Солнце припекало, Выхин мгновенно пропотел и, перейдя через дорогу следом за цепочкой бледнокожих туристов, нырнул за стеклянную дверь кафе «Грузия». Кажется, раньше на этом месте ютились однотипные металлические гаражи.
В кафе было прохладно, это главное. К тому же вкусно пахло жареным мясом, острыми специями, кофе. Из-за стойки выглянула женщина лет тридцати с хвостиком, показавшаяся Выхину знакомой. Она улыбнулась, спросила:
– Покушать хотите? – Затем улыбнулась еще шире – так улыбаются старым знакомым: – Ничего себе, это ты!
Он неопределенно шевельнул плечом, как обычно делал, если не знал, что ответить. Женщина же затараторила с типичным кавказским темпераментом, выскочив из-за стойки:
– Выхин! Лёва! Господи, как изменился-то! На лицо бы никогда не узнала, а вот по росту – зараз! Какой был богатырь, такой и остался! Хотя, вру, еще выше стал! Дай обниму, что ли!
Она полезла обниматься, от нее пахло тушеной капустой, а Выхин никак не мог вспомнить, где видел это красивое грузинское лицо с тонкими губами и большими черными глазами.
– Забыл, черт! – радостно сообщила она, отстраняясь. – Столько времени прошло, конечно! Маро, ну? Маро из соседнего двора. Тили-тили-тесто, жених и невеста, такие дела. Помнишь?
Он вдруг почувствовал февральскую прохладу, тонкий лед под ногами и мутную реку, лениво тащившую скопившуюся зимнюю грязь сквозь лес. У берега вода была радужного цвета. Кое-где рябью плавали веточки и гнилые листья. А на льду стояла грузинская девочка с камнями, зажатыми в кулачках. Уже тогда у Маро были такие же большие красивые глаза.

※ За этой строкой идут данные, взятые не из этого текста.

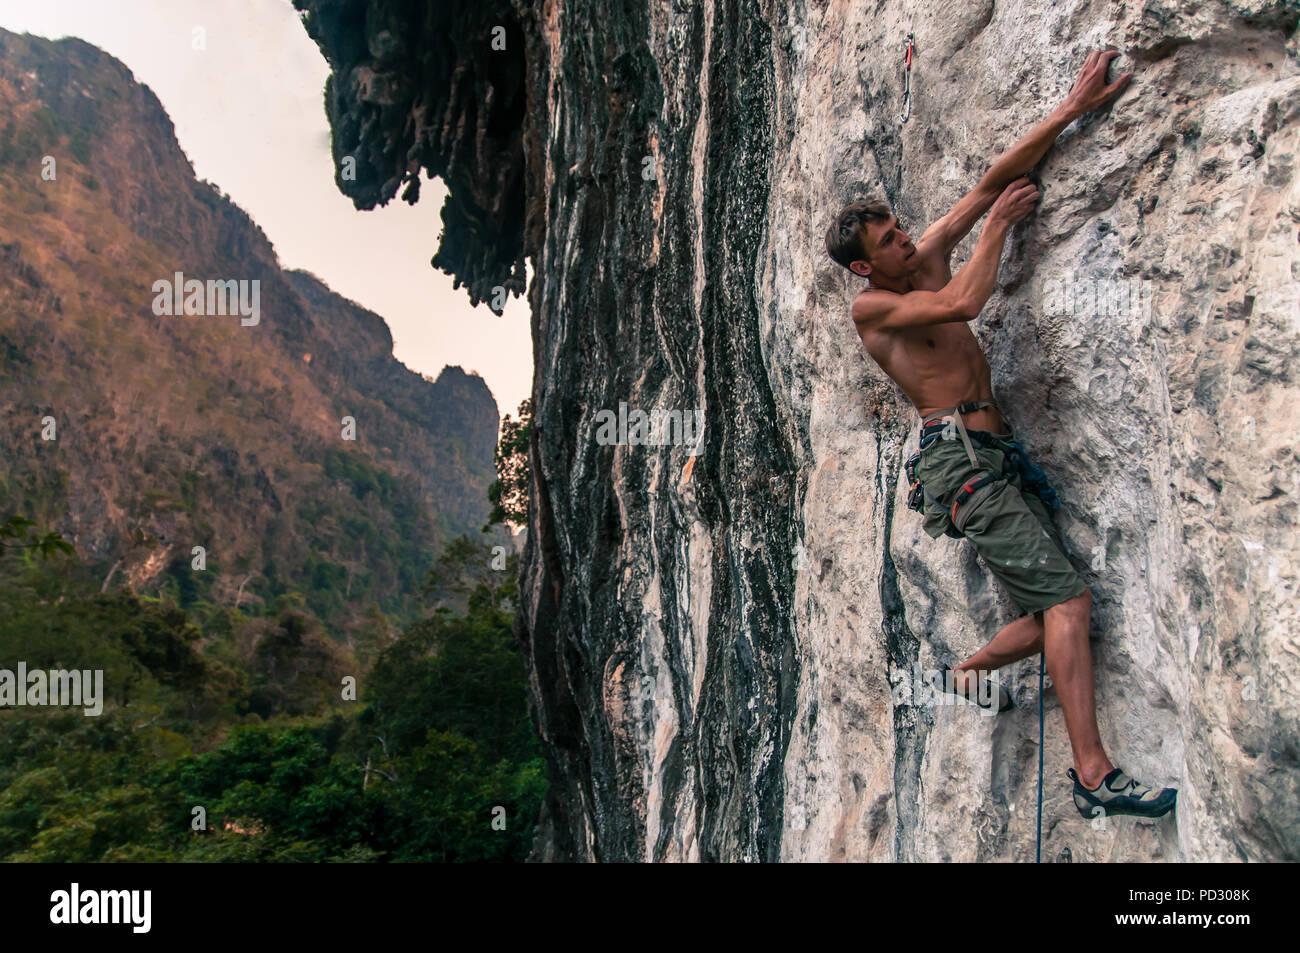 Man sport climbing on limestone, Thakhek, Laos - Stock Image

Невеста Капустина, как ее называли в шутку. Обещали поженить, когда дорастет. В двухтысячном Маро было одиннадцать. Вместе со своим старшим братом она неотступно бегала в компании местных пацанов по дворам и с неуемной старательностью копировала за ними все подряд.
Выхин начисто о ней забыл, а сейчас вот вспомнил. Будто открылась в голове неприметная шкатулка, выпустившая на волю облако воспоминаний: то были запахи, ощущения, детали, эмоции.
Видимо, сейчас Выхин выглядел слишком ошарашенным, потому что Маро звонко захохотала, взяла его за плечи и повела, не терпя возражений, в глубину пустого зала, мимо столиков, укрытых зелеными скатертями. Усадила на диванчик у окна, хлопнула о стол ламинированным меню.
– Заказывай, дорогой. Покушаешь, тогда голова заработает. А то будто спросонья. У нас отличные завтраки. Омлет хочешь с сосисками? Или жареная свинина. Еще курица есть с хрустящей корочкой, закачаешься! Что заказать?
– Кофе, – выдавил он, не успевая справляться с эмоциями. – Давайте сначала кофе и яичницу, что ли… И еще что-нибудь горячее, из закусок.
– Гренки с сыром, – сообщила Маро. – Немного вина с утра, а? Настоящего, грузинского.
Выхин кивнул. Маро упорхнула через зал, за стеклянную перегородку, откуда доносились запахи еды и лилась грузинская музыка.
Вспомнил кое-что еще. Одиннадцатилетняя Маро швыряла в него камешки и называла жирным, как все в их компании. Она же протянула Капустину металлический кусок трубы и сказала (Выхин точно воспроизвел в голове грузинские шипящие согласные, разорвавшие морозный воздух): «Выщиби ему зубы, штоб не болтал разного».
Но прошло девятнадцать лет. Маро выросла и стала другой. Люди меняются. Почти всегда.
Взрослая Маро вернулась с подносом, поставила перед Выхиным тарелку с яичницей, бокал вина, уложила столовые приборы, несколько кусочков черного хлеба, а потом села на диван напротив, сложив руки на столе.
– Господи, ты так изменился! – повторила она. – Слов нет. Смотрю на тебя и понимаю, как быстро бежит время. И как оно меняет людей.